"They wanted us to do Dvork's New World Symphony, take the different melodies and put lyrics to them. We said we'd like to do this, but we want the studio for ourselves 24 hours a day for the week. And they agreed."

Those naughty Moodies! Not only did they never get around to Dvork, they recorded the very songs that had been irritating go-go dancers at the Marquee--with the London Festival Orchestra at their disposal, no less! Freed from traditional 10 a.m. to 1 p.m. time constraints in the studio, the lads began to experiment with overtures, undertures, backward gongs, forward gongs, and, of course, the graveside-solemn spoken poetry, recited by the band's drummer, Graeme Edge.

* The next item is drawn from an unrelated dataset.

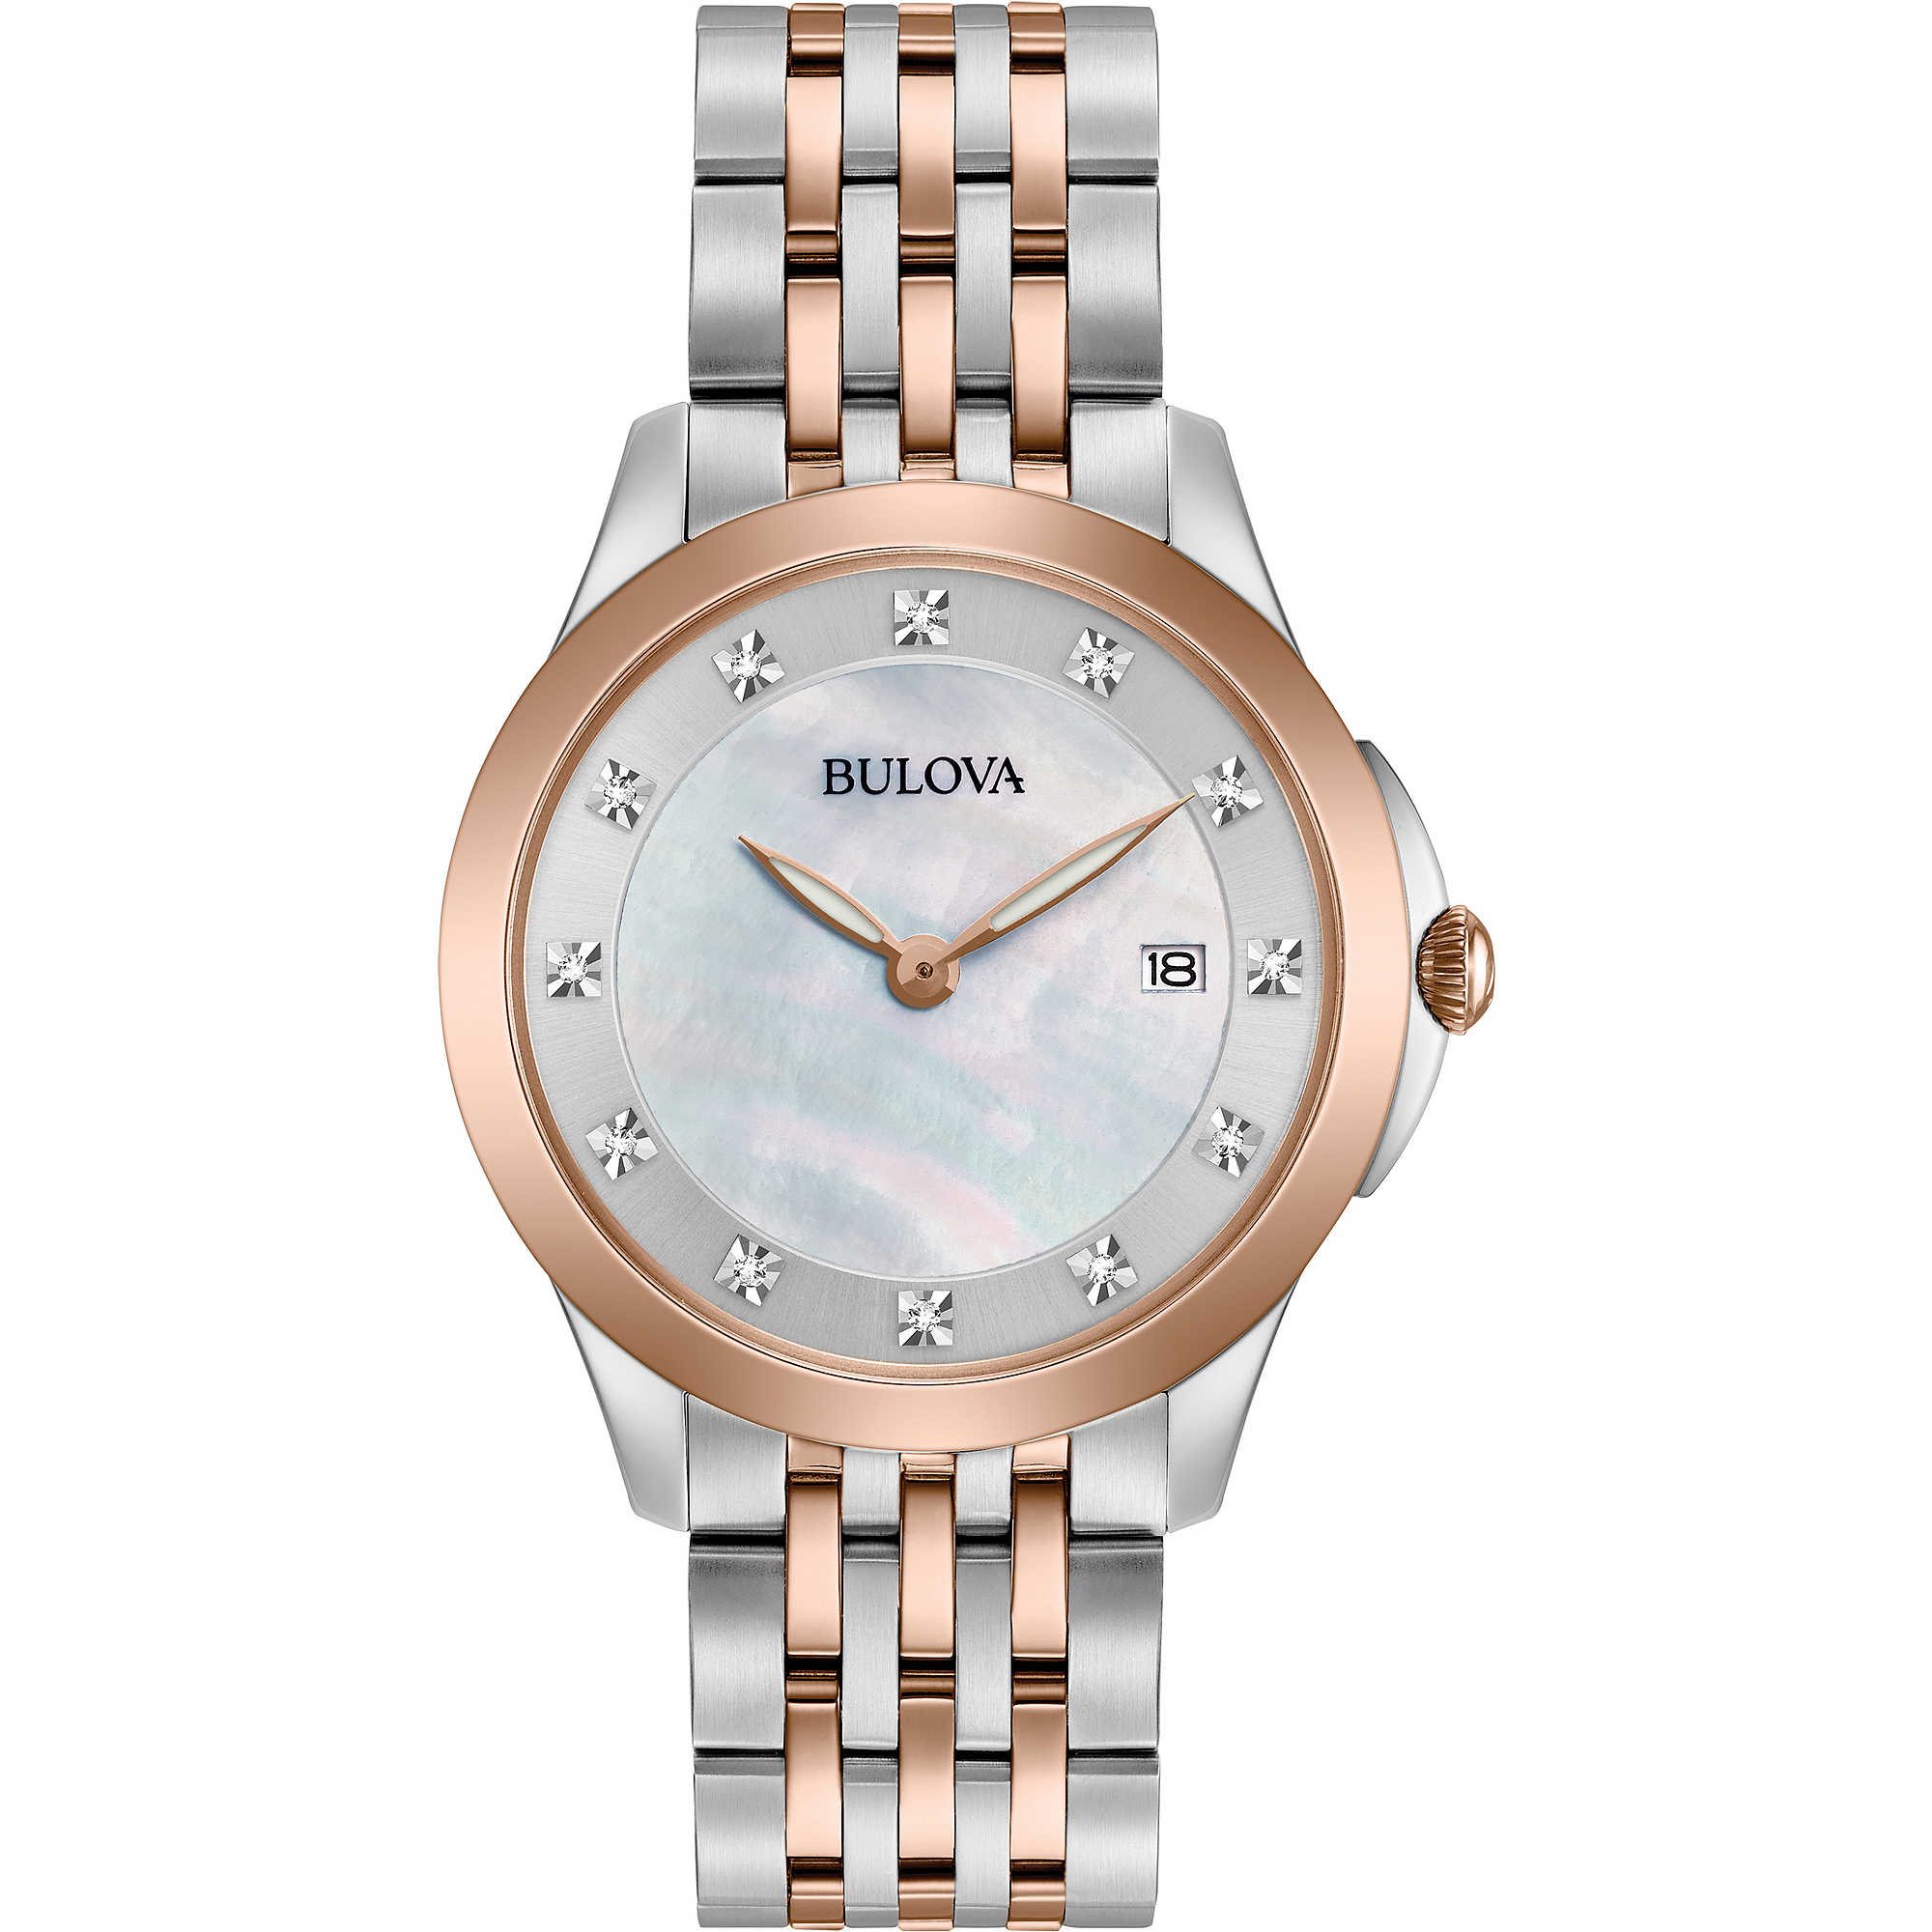 BULOVA Women’s Time-Only Watch Bulova Diamonds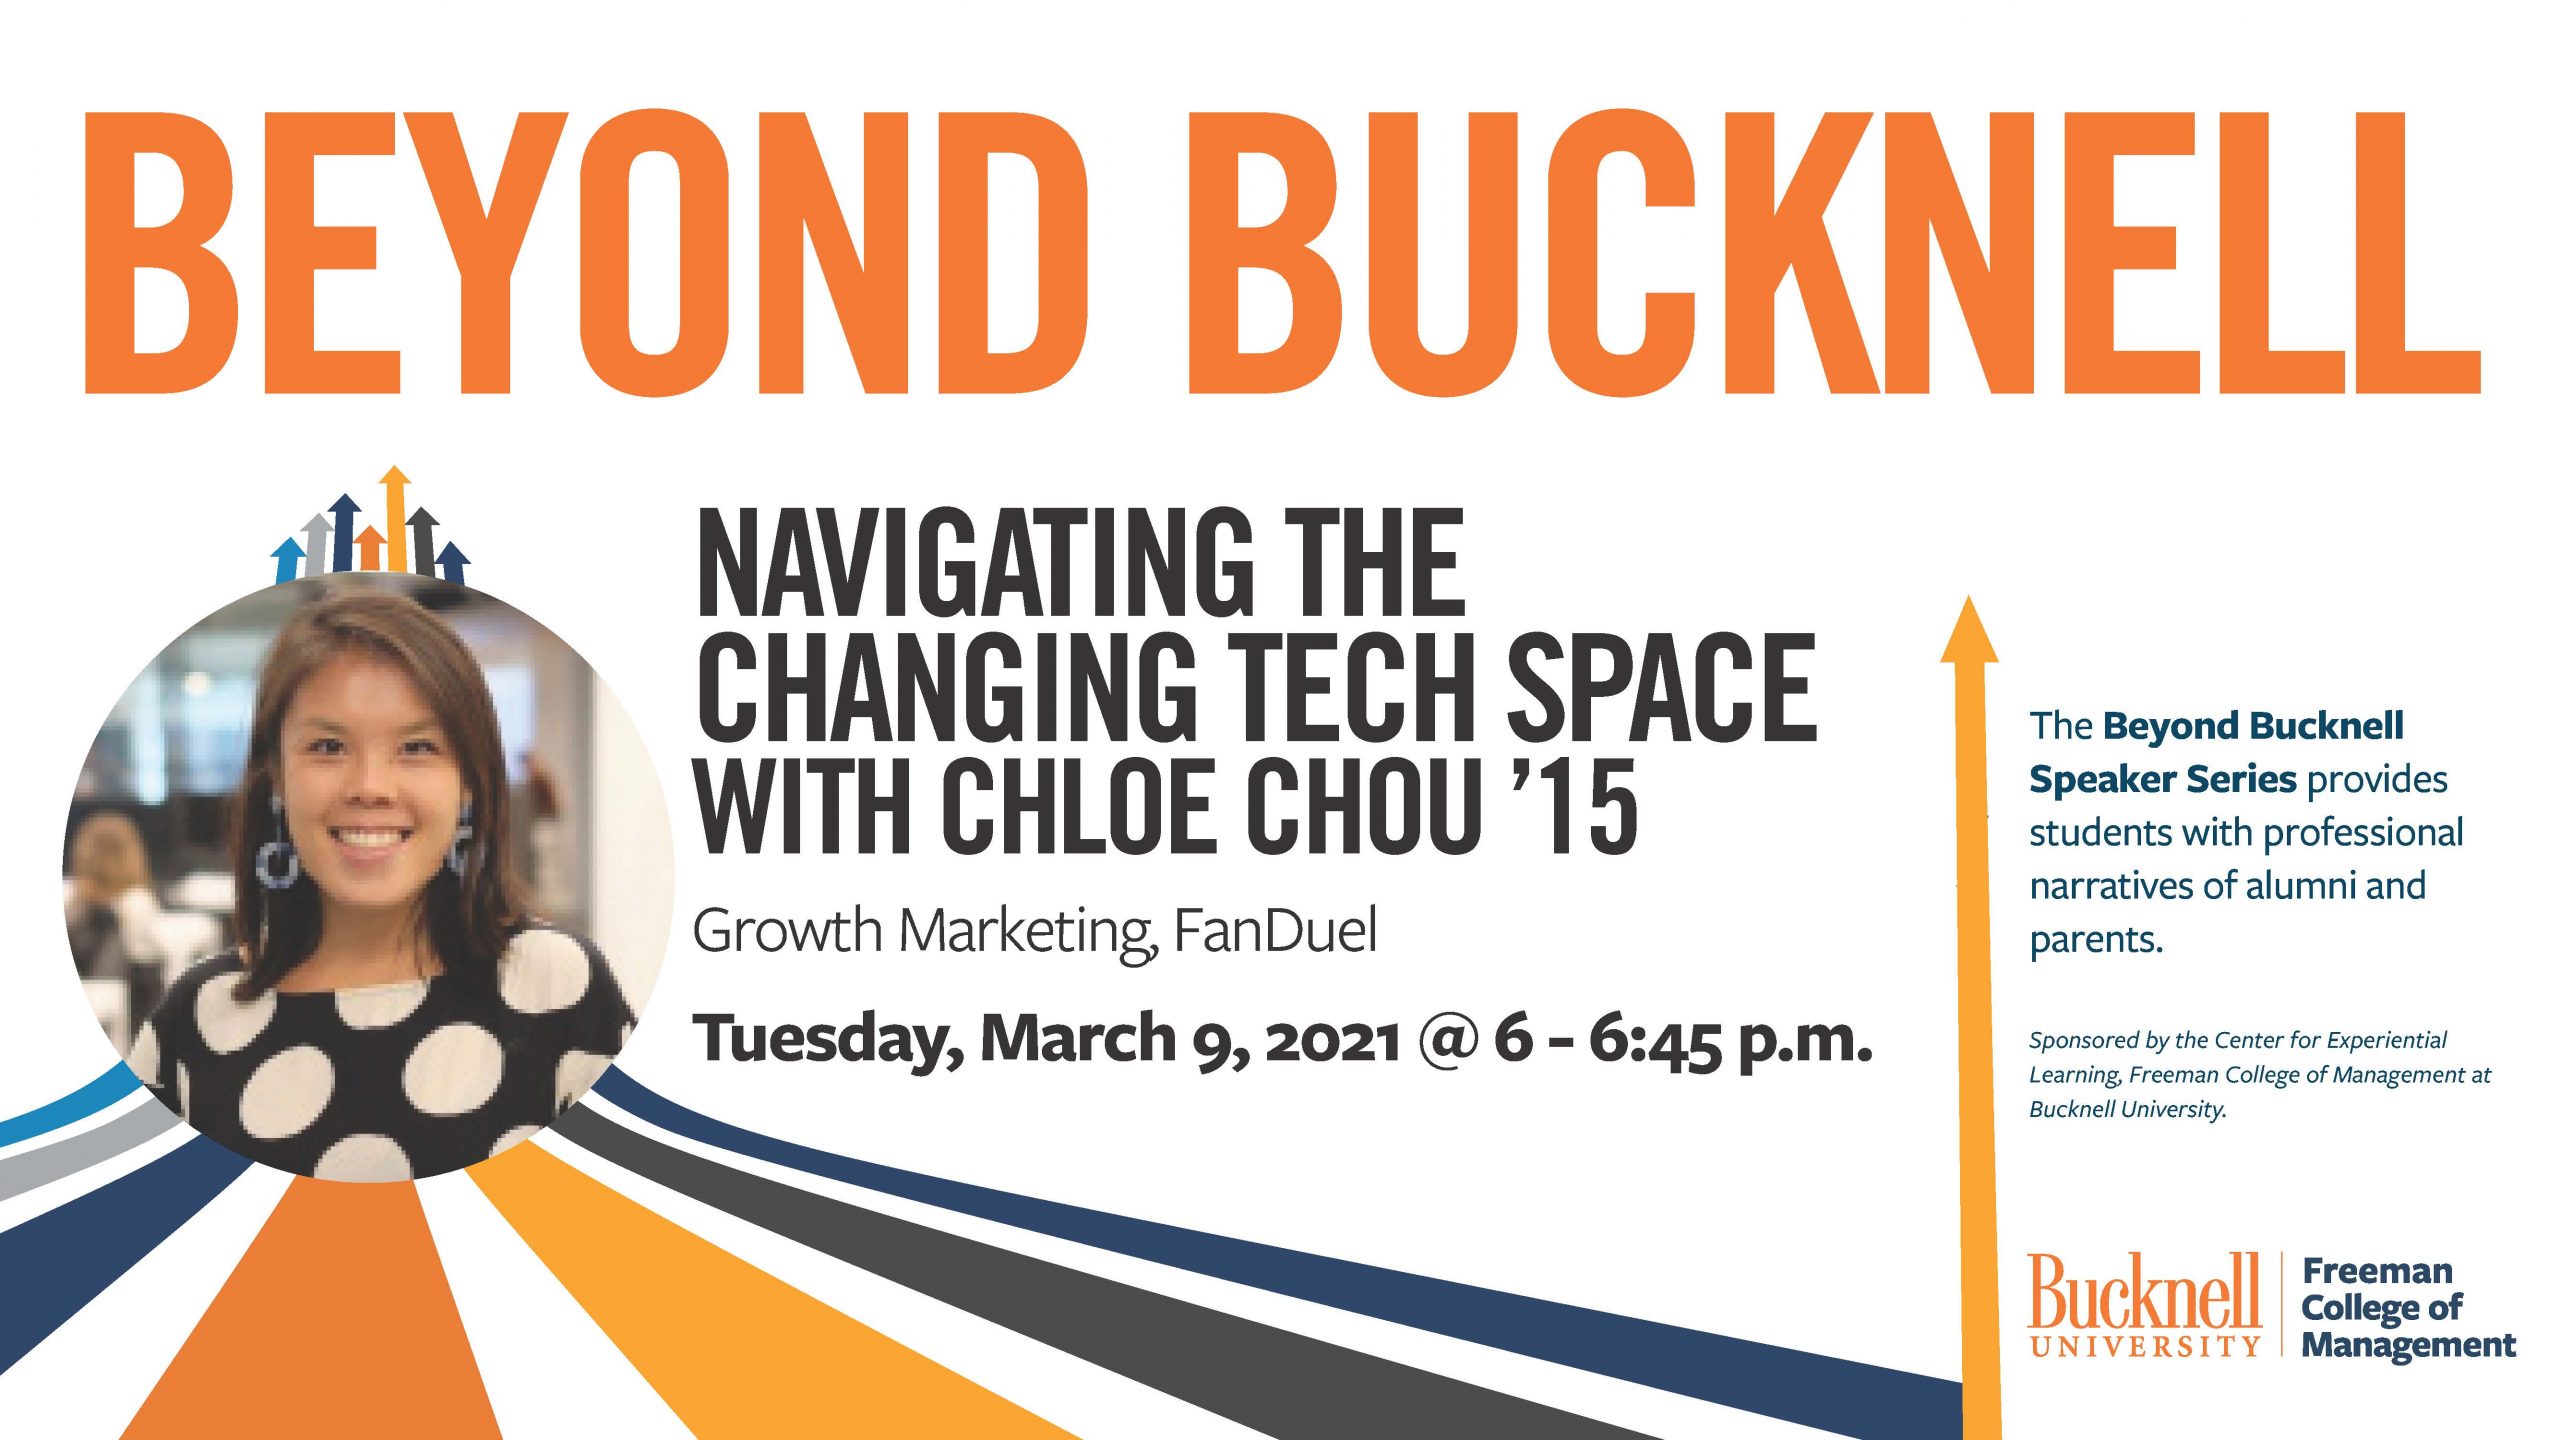 Beyond Bucknell Speaker Series welcomes Chloe Chou ’15 on March 9, 6-6:45pm

"It sort of hit us during the sessions that it would be fantastic to have some spoken word that tied everything together," recalls Lodge of the grand tradition which became the band's calling card. But was the seamless cross-fading of each song merely a clever ploy to get the group's material on progressive American FM stations?

"No," reveals Lodge. "We just didn't want the music to stop." But it worked nonetheless. Deejays, needing to take an incredibly long dump, or hoping to put the moves on some cute little intern, used to let whole album sides of Moody Blues music flow by before cutting in. The critics, however, were a different story. Many could never make it past the stiff poetry, the ultraserious cover art, and the surly faces of the Moodies themselves lurking inside every needlessly gatefolded sleeve. One word: pretentious.

But the band was not without humor; even the Lizard King wasn't coming up with tongue-in-cheek lines like "Blasting, billowing, bursting forth with the power of ten thousand butterfly sneezes." As for being preachy, Lodge earnestly disagrees. "We put down in our lyrics what we believe," says he. "If some people think it's preachy, they have to believe that."

Whether preaching or thinking aloud, at least the Moody Blues weren't peddling wicked lyrical content. How many people sought enlightenment from Eric Burdon, only to find themselves stuck in Monterey married to "A Girl Named Sandoz"? Or the aforementioned cosmic folknik Donovan? How many innocent Children of the Sixties burned their fingers trying to smoke Chiquitas simply because he told them "electrical banana's gonna be the very next phase"? What about the Beatles? How many people had to get run over before someone decided--"Hey, maybe we shouldn't do this in the road"?

The Moody Blues, on the other hand, told us things like "thinking is the best way to travel," and "watch children playing, they seem so wise." You can't go wrong with that philosophy unless you think you're an airplane, or give your toddler the power of attorney.

Though Lodge admits the making of a Moodies album did not involve, oh, male-bonding retreats where hugging trees and sharing personal emotions were encouraged, there was always a bit of mystical tradition.

"We used to have a table we called the Magic Table that we sat 'round," he reveals. "That's where the songs were very first played. You'd feel very comfortable because it was the same table from the last album, and the one before that. You'd talk your way through the songs, 'Now, I want it to go this fast,' and tap the tempos on the table."

In 1974, after seven extremely popular albums, the band adjourned from the Magic Table and took three years off to record solo albums. That much of the Moodies' reputation still rests squarely on those first seven sojourns in sonic sorcery is clearly illustrated by Time Traveler's song selection: Three CDs cover the first 12 years of the band's history, while the following 16 years merit but one measly disc. When the Moody Blues regrouped in 1977, Britain's punk era was in full swing. True to form, the Moodies didn't suddenly start playing like the Buzzcocks, although Lodge now freely admits to "really enjoying listening to Motorhead in the car when no one's around." He waxes philosophical about knowing one's place in the pop pantheon. "Every generation has to have its own heroes, and there's nothing worse than somebody trying to be a hero for the wrong generation. If you stay true to yourself, you have a chance that new generations will pick up on you."

New generations did, despite the drastic changes that were under way within the group. For the first time since the Denny Laine days, the Moody Blues allowed themselves to be shown on the front cover of an album. Not only that, they ditched the paintings, the poems, and were now using the same art director as Linda Ronstadt, as if they were--ugh!--ordinary recording artists. It didn't help matters that after 1978's Octave album, the band's most cosmic member, Mike Pindar, bid adieu to pursue a quiet life in the States. It was Pindar who wrote the songs Most Likely to Feature a Sitar, and who was most vocal about his involvement with transcendental meditation, not unlike that other balding Mike from the Beach Boys. (To Pindar's credit, after "doolapping" his thinning hair for three albums, he let his bald dome breathe alfresco, while pesky Mike Love continued to embarrass his bandmates with a procession of silly turbans and caps.) The Moodies' 1968 album In Search of the Lost Chord contained helpful "you say mantra, I say yantra" information inside yet another wasteful gatefold sleeve, as well as Pindar's seven-minute "Om" opus. Moody watchers had to be worried now. With Pindar out of the picture, who gonna play dat lonesome ol' mellotron?